Can anyone tell me the make and/or model number and displacement of the engine in my McCulloch Eager Beaver blower/vac, model 400048-06? I've had the engine out of the plastic case but haven't removed the metal shrouds or otherwise disassembled it so I haven't found any identifying marks. There's no info about the engine in the user manual and I've searched the net for info but found nothing.

Does the "06" in the model number indicate a letter, such as "F"? I've found 400048C, E, and F on the Internet but not 400048-06.

I want to convert the engine to a use on an RC plane. Can anyone tell me where I can get an electronic ignition conversion kit other than from CH Ignition? (Yes I know I can buy one ready-made but what's the fun in that?)

Thanks,
Bidwin


----------



## bbnissan (Nov 7, 2004)

My suggestion would be to find another 2 cycle engine to use for your RC project. McCulloch has been out of business for a very long time now and parts/manuals are very hard to find.

You may want to call around to your local recycle centers and see if any of them recycle lawn equipment.
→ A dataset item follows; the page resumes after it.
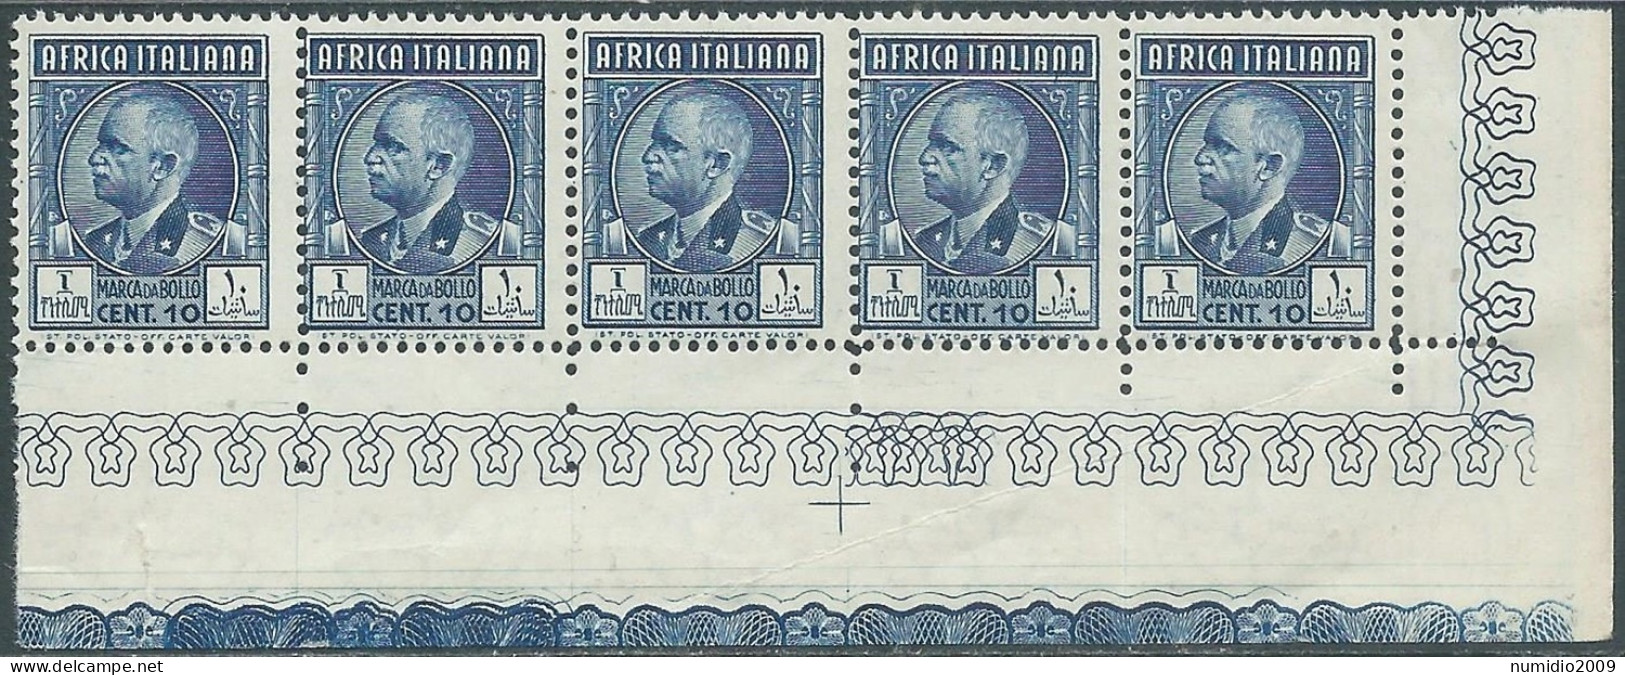 1939 AFRICA ITALIANA MARCA DA BOLLO 10 CENT BLOCCO DI 5 VALORI MNH ** - CZ39-3 - Africa Orientale Italiana

If you find one, they will usually sell you stuff for really cheap. I found an Echo string trimmer in my local recycle center and paid $5 for it. After a quick tune-up and carb rebuild, I had it running like brand new (it also looked brand new). I have also found chainsaws, lawnmowers, and edgers that only needed minor repairs.


----------



## Smalblok355 (Oct 22, 2004)

how much you think you might want for this eagerbeaver engine????


----------



## Bidwin (May 4, 2005)

I hadn't planned to sell it, Smalblok. I'm just looking for a project.
Bidwin


----------